State of Merrill Lynch up to its acquisition Print E-mail
Written by Bob   
The story within the story here is what was the state of Merrill Lynch leading up to the acquisition, and how did it get that way. A separate and rigorous inquiry is needed into how they could have taken on so much risk? The general public, even the press and congress, have become desensitized to the collapse of ML, in part, because the notion of taking on to much risk and possessing toxic assets is not news. As well, the manner in which ML revealed its losses, by eight and ten billions of dollars at a time, has somewhat softened the blow of their having required...if you count what was requested after the B of A, merger...over $85 billion dollars from the federal government.

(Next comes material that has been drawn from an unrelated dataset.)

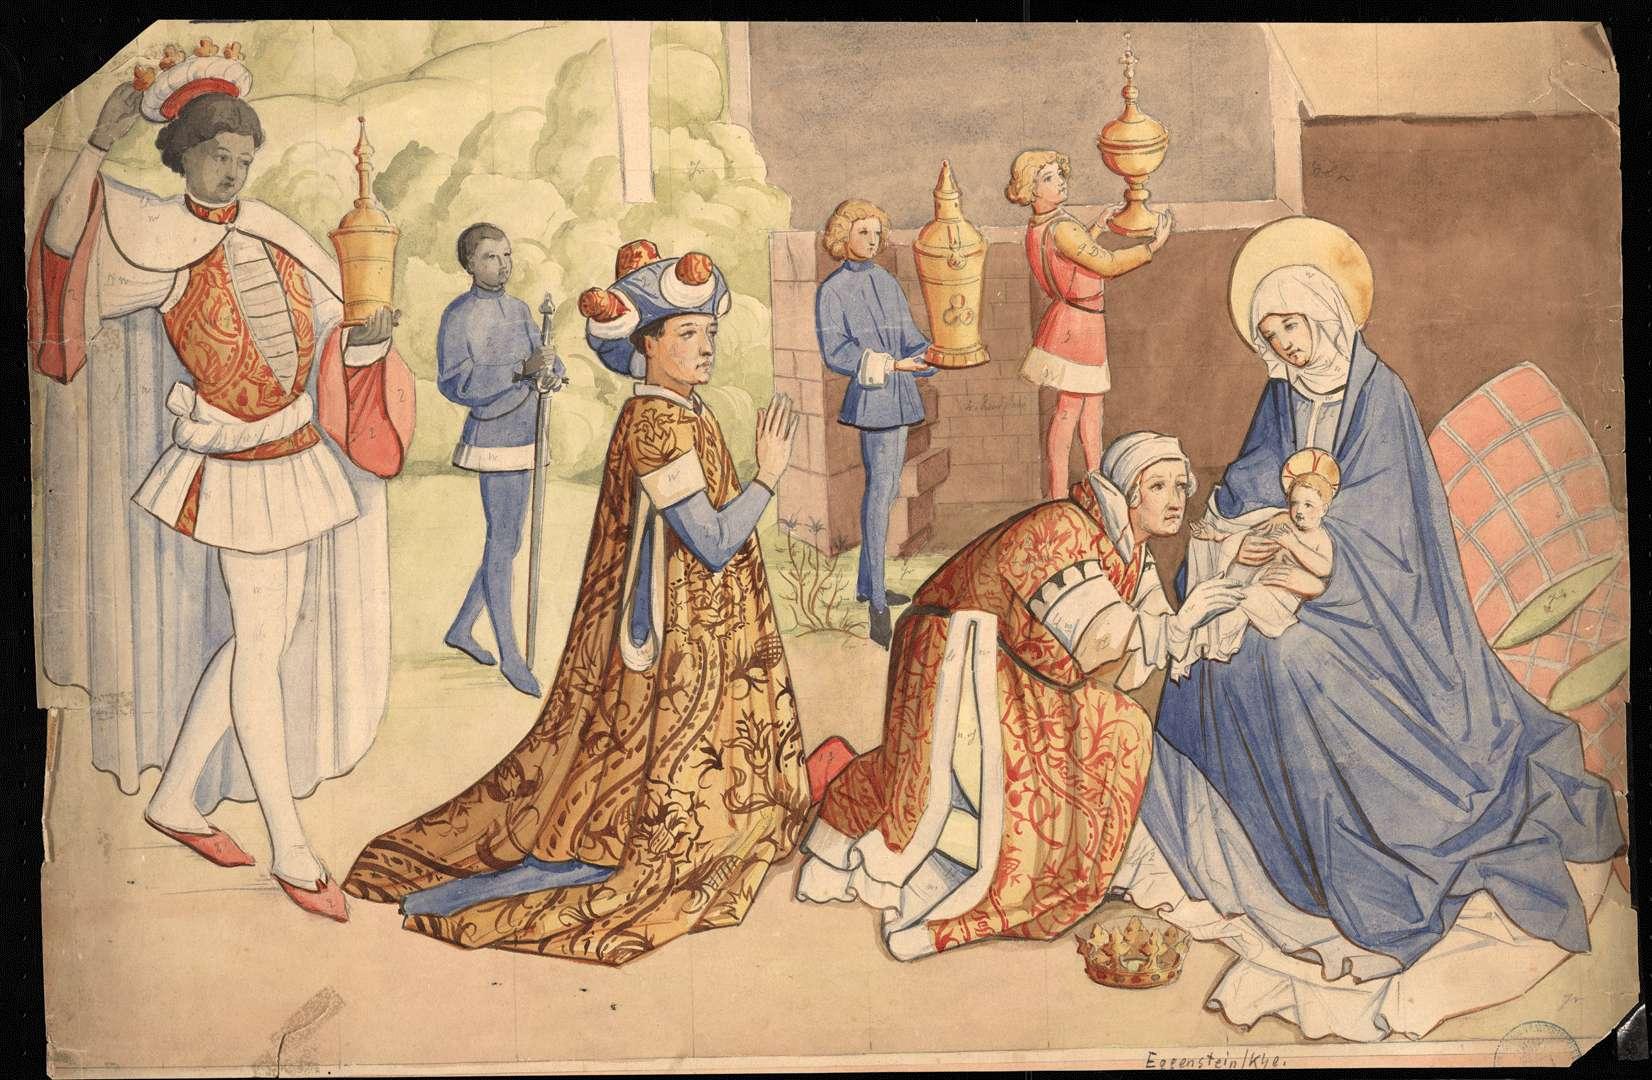 Eggenstein Evangelische Pfarrkirche Nördliche Chorwand: Anbetung der Heiligen Drei Könige, Bild 1
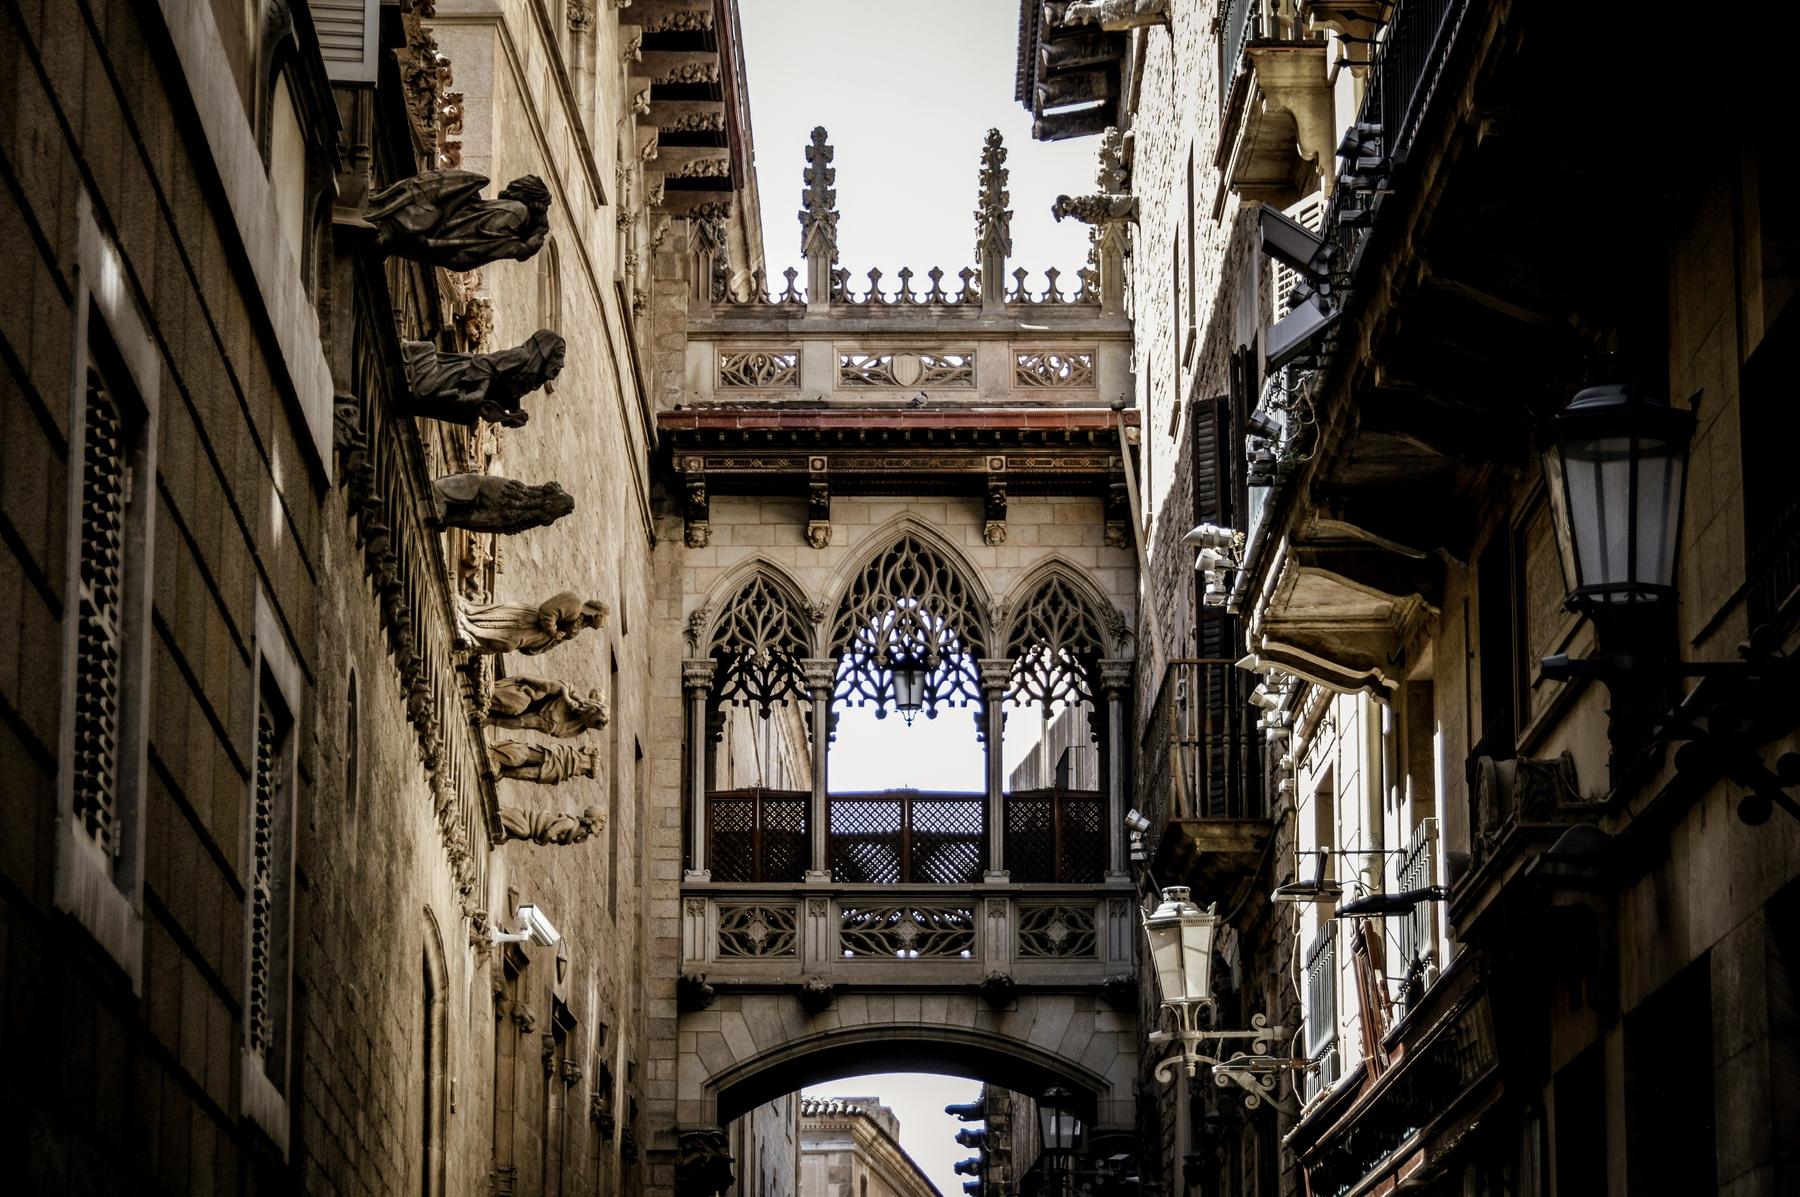 ornate gothic architecture

In the interest of disclosure, I worked there for many years.

As the firm evolved away from what I would call corporate focused executives who worried about the enterprise, and towards trading floor and finance types who worried about the P and L of institutional business units, and the remuneration for individuals and themselves associated with these businesses, the internal culture became as toxic as the assets that would later bring it down. The big time trading heads would look down their noses at retail and asset management businesses and concentrate on ways to undermine them, and the senior executives who ran them. They succeeded. Like anything of this nature, it took time. Orange County and Enron, if you check the records, show a firm unwilling to open its books and admit its transgressions, as had been its culture, instead stonewalling with legally permissible, though somewhat incredible, courtroom maneuvers, going so far as appeal a judge's decision to publish grand jury testimony which he felt would benefit the public good if done. Again, this was the firm's right, but what was it worried about. lastly, the palace coup that put in place the men and women who brought down the firm will, or should, be studied at Harvard Business School, or maybe political science departments, for the manner in which the ascending chairman consolidated the chairmanship and the presidency, got rid of every rival and most direct reports, filled key roles with weak sycophants, and dismissed the very two men on the board who engineered the coup for him.

In fairness, I have an axe to grind with the way the firm was run during may last years, and my last days were spend with a heavy heart. That said, I loved the company and it was as much an influence on my life as my family. Now, this is my take, my opinion. But, nonetheless, here we are: Careers ruined. Life savings savaged. Jobs lost...and a country put at greater risk by financial mismanagement, than the threats of nuclear power and decease combined. Its time someone looked into what happened at Merrill Lynch, and hold those responsible to account.